Earnings Per Share   $      0.58       $      0.37     $  0.21       57 %




Our net income per basic and diluted shares attributable to holders of our
Common Stock increased by $0.21 per share, or 57% in Fiscal 2022 compared to
Fiscal 2021. The increase is due primarily from the revenue increase of
approximately $41.7 million from Fiscal 2021 to Fiscal 2022, the removal of the
reserve against the notes receivable of $838,647 during Fiscal 2022 and the
valuation allowance reduction of $1,488,258 against the deferred tax benefit,
during Fiscal 2022.


Liquidity and Capital Resources





Cash Flows



The following table summarizes our cash flows for the periods indicated.

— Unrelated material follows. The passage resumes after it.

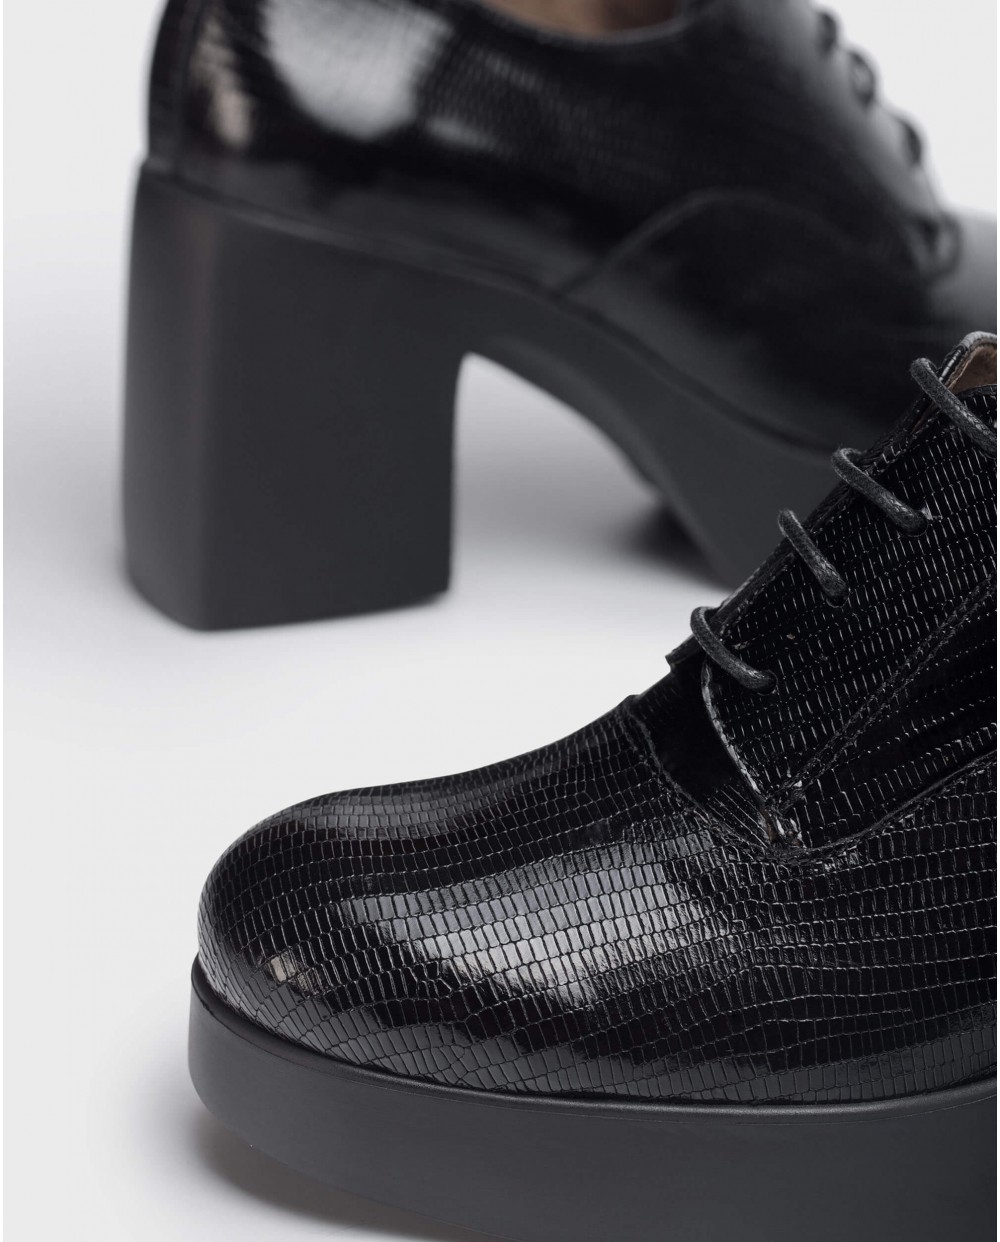 Wonders-NEW IN-Black Loira shoes.

Prior
year comparisons are included in "Part II, Item 7 - Management's Discussion and
Analysis of Financial Condition and Results of Operations" of our Annual Report
on Form 10-K for Fiscal 2022.



                                               Year Ended December 31,
                                                2022             2021
Net cash (used in) provided by:
Operating activities                        $ 10,019,885     $  2,805,063
Investing activities                            (229,339 )     (4,875,356 )
Financing activities                          (2,758,725 )      2,990,405

Net increase in cash and cash equivalents $ 7,031,821 $ 920,112


During Fiscal 2022, cash provided by operations totaled $10,019,885, which was
primarily driven by net income of $15,689,133, reduction from non-cash charges,
net of $801,653, the increase in accounts payable and accrued expenses of
$1,367,713 and a decrease in other assets of $985,509. In addition, the
foregoing was further offset by the increase of trade receivables of $856,660,
the increase in inventories of $4,707,349, the increase in prepaid expenses of
$792,778 and the reduction of customer deposits and other liabilities of
$896,742.



During Fiscal 2022, cash used in investing totaled $229,339 which primarily consisted of the purchase of equipment and additional property build-out of $272,748 and the additional net cash payment concerning the Avail Transaction of $216,988, offset by the receipt of $260,397 from notes receivable.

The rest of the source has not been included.